Patrick Caldwell
Mitt Romney and Lincoln Chafee have surprisingly similar family backgrounds, both the product of prominent Republican households. Their fathers governed states as Rockefeller Republicans-George Romney in Michigan, John Chafee in Rhode Island-then served together in Richard Nixon's cabinet. The sons followed their fathers' molds as moderate Northeastern Republicans to great success a decade ago. Romney became the governor of Massachusetts in 2002 and Chafee replaced his father in the Senate, each serving one term in their respective roles.
From there they split. Romney, of course, disavowed his moderate image to run for president in 2008, sticking to his severely conservative mantra up until the final month of this year's presidential campaign. Chafee, on the other hand, disavowed his party after he lost his Senate seat to a Democrat in 2006. He endorsed his former Senate colleague Barack Obama during the 2008 Democratic primary and ran for governor of Rhode Island in 2010 as an independent, winning a three-man race in which president Obama declined to endorse the Democratic candidate.

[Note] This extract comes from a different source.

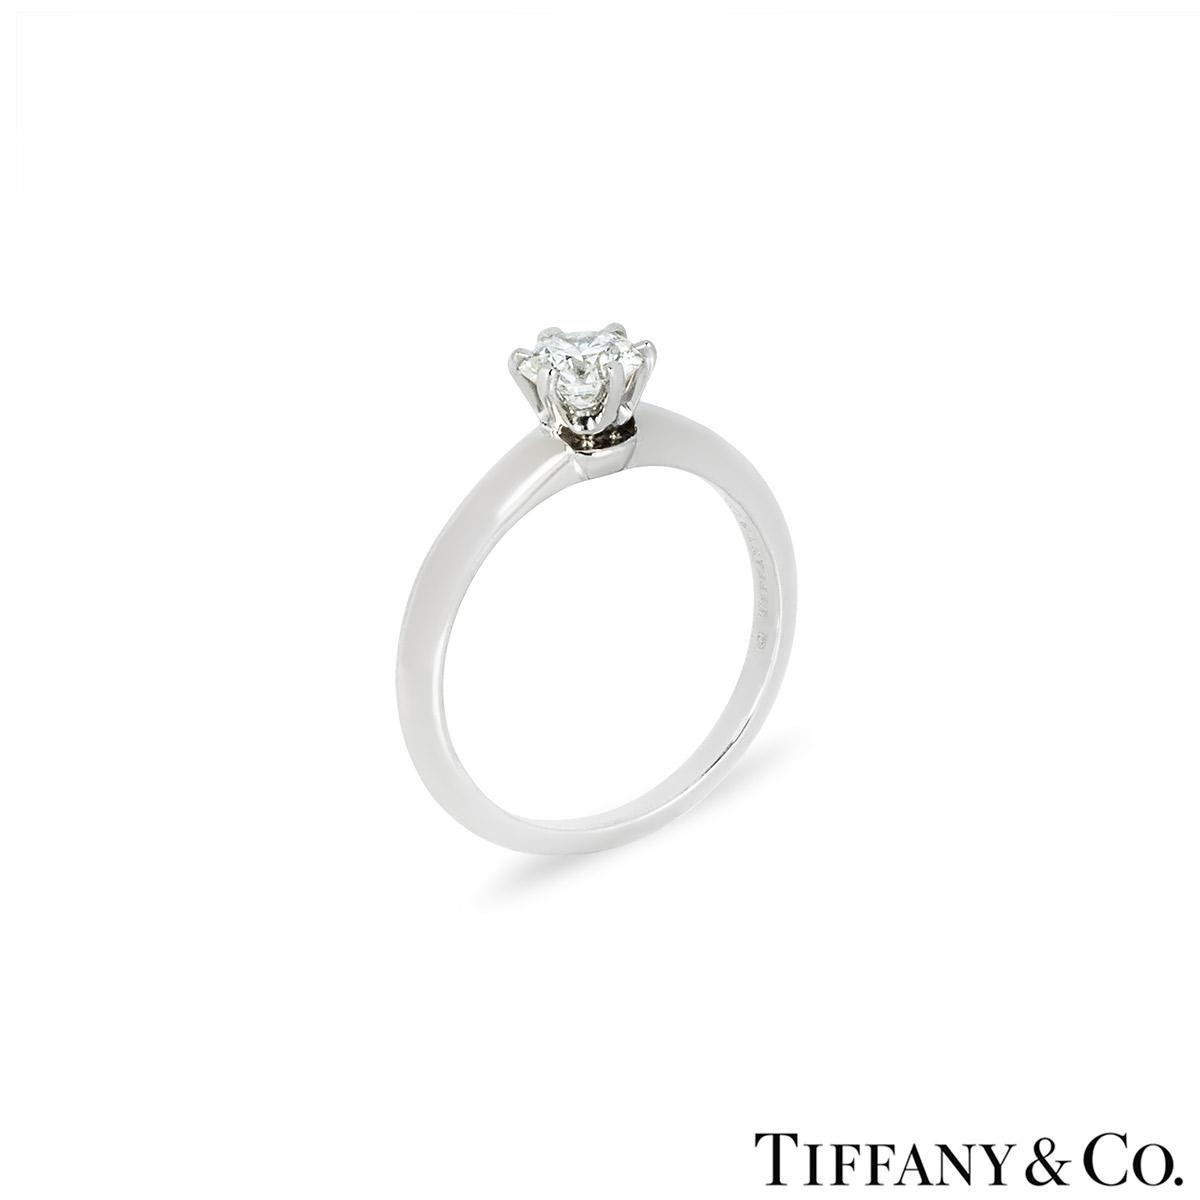 A beautiful platinum diamond solitaire by Tiffany & Co. from the Setting collection. The engagement ring is set to the centre with a round brilliant cut diamond in a classic 6 claw mount, weighing 0.56ct, H colour and VVS1 clarity. The knife edge

Chafee is repaying Obama's favor on the 2012 campaign trail. He offered the apostate's address at the Democratic Convention in September and has been hitting the trail to assist the president. I caught up with Chafee Sunday afternoon at an Obama field office in Henrico, Virginia, a booming suburb just outside Richmond that voted for Bush in '04 but flipped to Obama in '08.
"When I left the party I made the decision that the party wouldn't swing back to my traditional Republican values," Chafee told me in a hallway outside the Obama office before he spoke to the volunteers, "which are fiscal responsibility, not letting deficits grow, taking care of the environment, women's rights, and just general liberties, letting people live their lives as they see fit, leaving people alone. Not getting into foreign entanglements. Traditional Republican values that have changed over the last decade or so. They don't care about the environment, don't care about personal liberties, fiscal conservatism or the deficit, and getting us into all these quagmires overseas. I made the decision to leave because I didn't think it was coming back."
Befitting his moderate policies, Chafee keeps his critiques relatively polite, but he has few kind words for Romney's candidacy. Chafee doesn't buy Mitt Romney's recent feints to the center one iota. "The first decision was to choose Paul Ryan as the vice president," Chafee said. "If they really wanted to tack to the middle they would have chosen Olympia Snowe, or somebody else to be the VP. Governor Romney couldn't have gone more far right, Ryan is a foot soldier for Dick Cheney and the agenda that got this country in such trouble. All the bad decisions-the war, the tax cuts, the prescription drug benefit, bad environmental policies."
A press aide pulled Chafee away before I could get any further thoughts on the extinction of the northeastern Republican. A crowd of 30 Obama volunteers-a young, diverse group-crammed into the office's entry room to listen to Chafee and Katherine Waddell, a former Virginia state representative and fellow renounced Republican, boost the Obama cause. "It was very cathartic to walk into my board of canvassers and disaffiliate from being a Republican five years ago," Chafee told the volunteers. "I'm an independent and proud to be here supporting my colleague in the Senate-Senator Obama was in the Senate when I was, we overlapped for two years and served on two committees. No surprise that he was going places, even then. He's been a great president and he's going to continue to be a great president." With that the crowd dispersed. Chafee and Waddell headed into a back room for a brief canvass training and then hit the road to go door knocking for Obama in Henrico.